Севильский слепец
Шрифт:
30 октября 1960 года, Танжер
Лето закончилось. Туристы покинули нас. Я вышел из дому и дождался П. на рынке. Она прошла через Пти-Соко на стоянку такси, что на Гран-Соко, и села в старенький «пежо». Я тоже сел в такси и последовал за ней, пообещав водителю больше дирхемов, если он поедет так, как я скажу. «Пежо» затормозил у мастерской Т.Ч. Она вышла из машины и скрылась в доме. Велев таксисту ждать, я перелез через забор сада. Задняя дверь была распахнута. Из-за двери мастерской, тоже приоткрытой, слышался голос Т.Ч. и смех П. Я увидел, как она скинула белье и голая ступила на измятую простыню, расстеленную на полу. Она опустилась на колени спиной к Т.Ч., чьего вожделения уже не скрывала даже просторная джеляба. Сначала он рисовал карандашом. Все его тело участвовало в процессе. Линии вытекали
Я на такси вернулся к себе в мастерскую и впервые за несколько месяцев взял в руки кисть. Я прикрепил к стене пять чистых холстов. Приготовил черную краску. Схватил карандаш. Мой ум уподобился стали. Мысли вылетали из него, как пули, и в считанные минуты я набросал редкостный по непристойности рисунок, на котором П. обслуживает двух разнузданных сатиров. Я рисовал яростно и остервенело, но при этом твердо и точно, так что, снятая со стены, картина превратилась в пять заляпанных черной краской холстов. Моя месть обретает форму лишь в строгом соотношении частей.

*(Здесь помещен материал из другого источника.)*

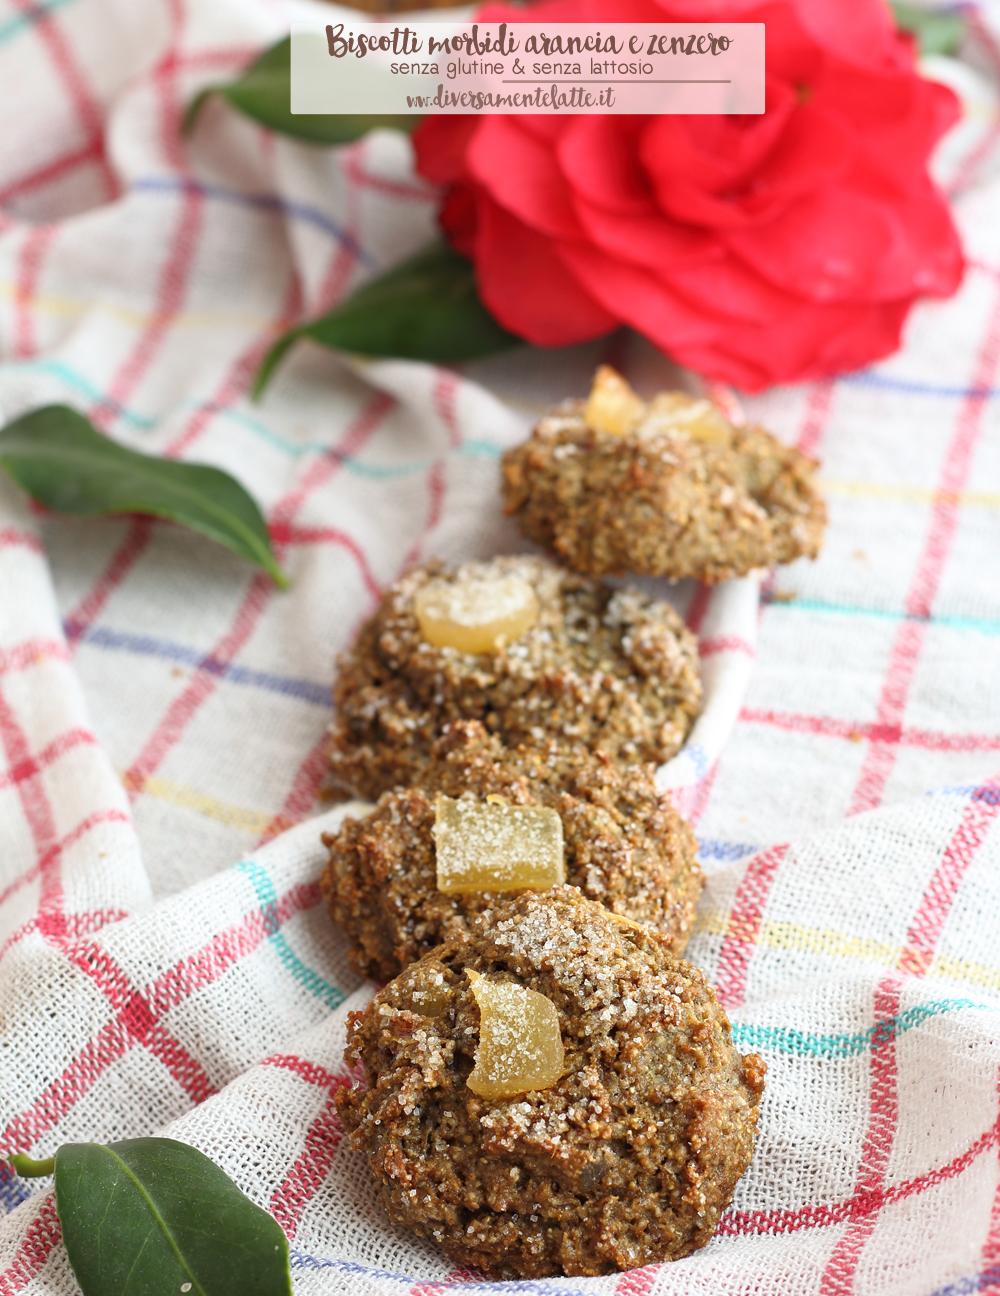 biscotti morbidi arancia e zenzero senza glutine
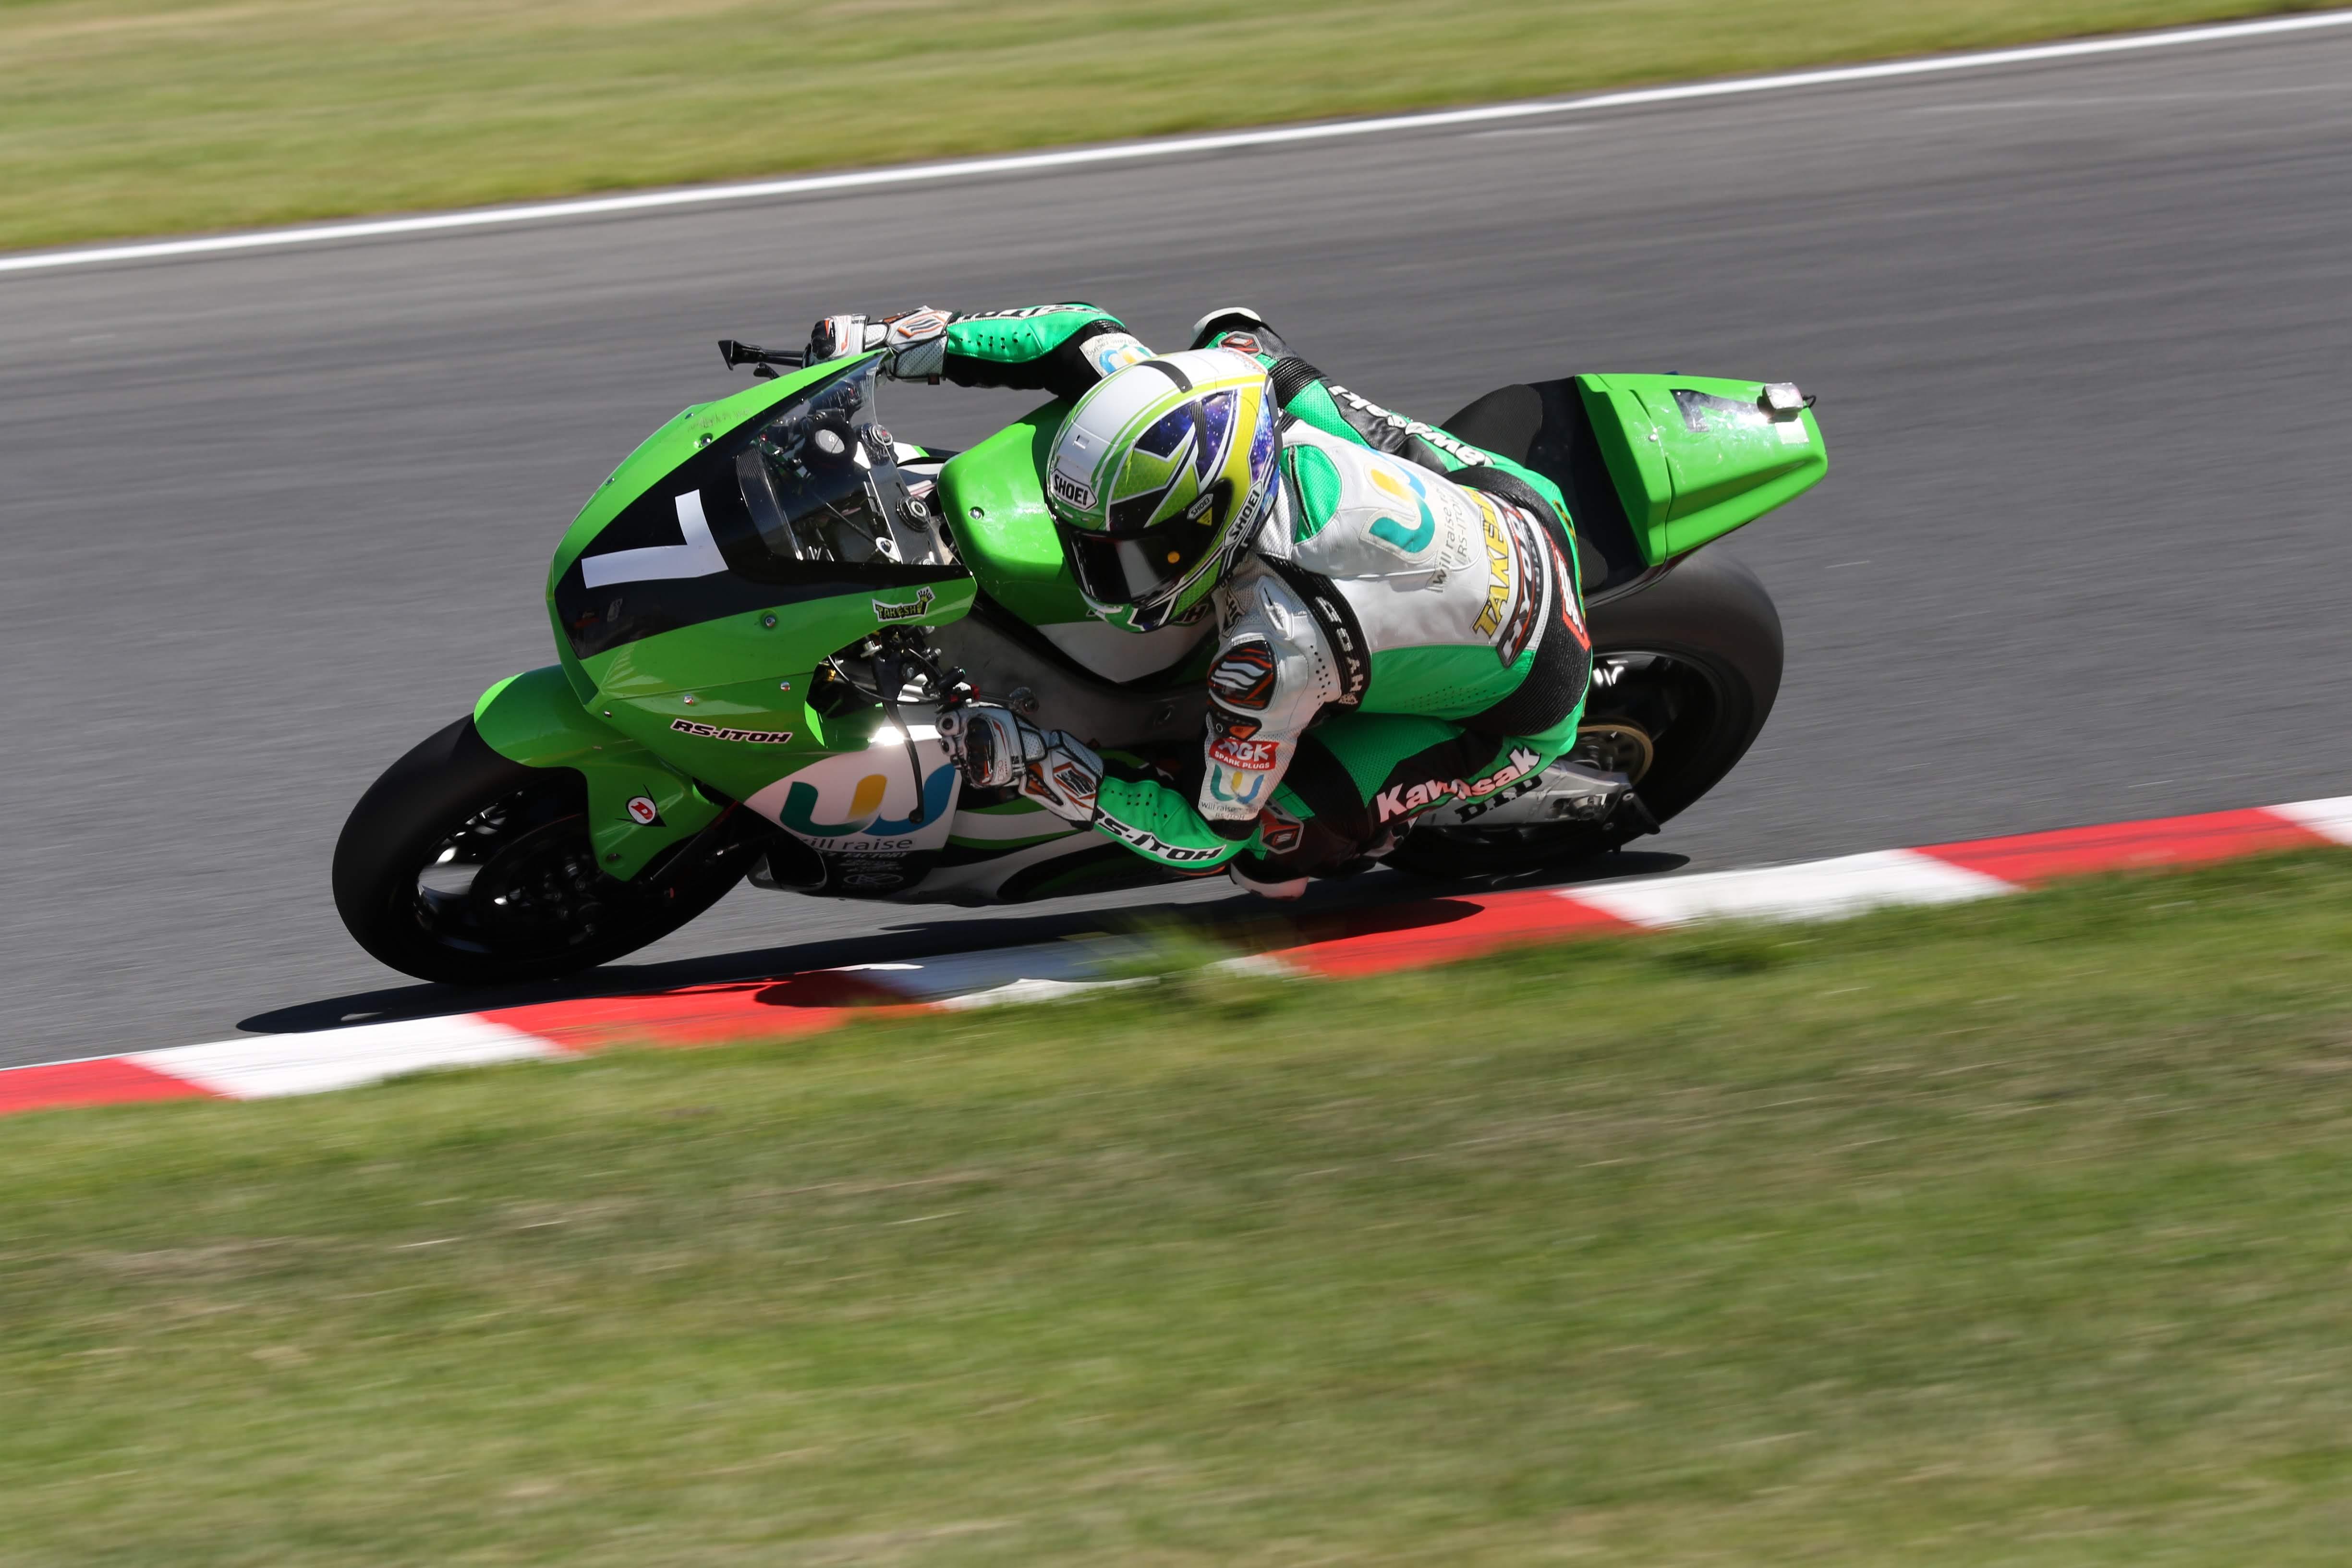 Motorzに全日本ロードレース選手権Rd.5公式予選・決勝レースヒート1の取材記事が公開されました。

3 декабря 1960 года, Танжер
Я не работаю, я только наблюдаю. Мое внимание сосредоточено на сложной связи двух людей. Я холоден как лед. Мой ум ясен, как крик над безмолвным, заснеженным полем. Я узнал зимний распорядок дня Т.Ч. Он встает поздно, всегда после полудня, идет в маленькое кафе, съедает завтрак, пьет чай и выкуривает три-четыре сигареты. Днем он редко возвращается в мастерскую. Иногда он отправляется к семье. У него жена и трое детей, два мальчика и девочка, от пяти до восьми лет. Иногда он ходит на берег моря. Ему нравится плохая погода. Я вижу из своей мастерской, как Т.Ч. стоит на ветру под дождем, раскинув руки, словно приветствует очищающие силы стихий. По ночам он пишет. Я наблюдал за ним. Этот человек настолько поглощен творчеством, что ничего не замечает вокруг. Порой он работает нагишом, даже когда холодно, а под конец валится на пол мастерской в полном изнеможении. Т.Ч. закончил четвертое полотно. Обнаженная П. на коленях. Это что-то феноменальное. Чудо мистической простоты формы в соединении с общей для всех его «ню» идеей сладости и горечи запретного плода.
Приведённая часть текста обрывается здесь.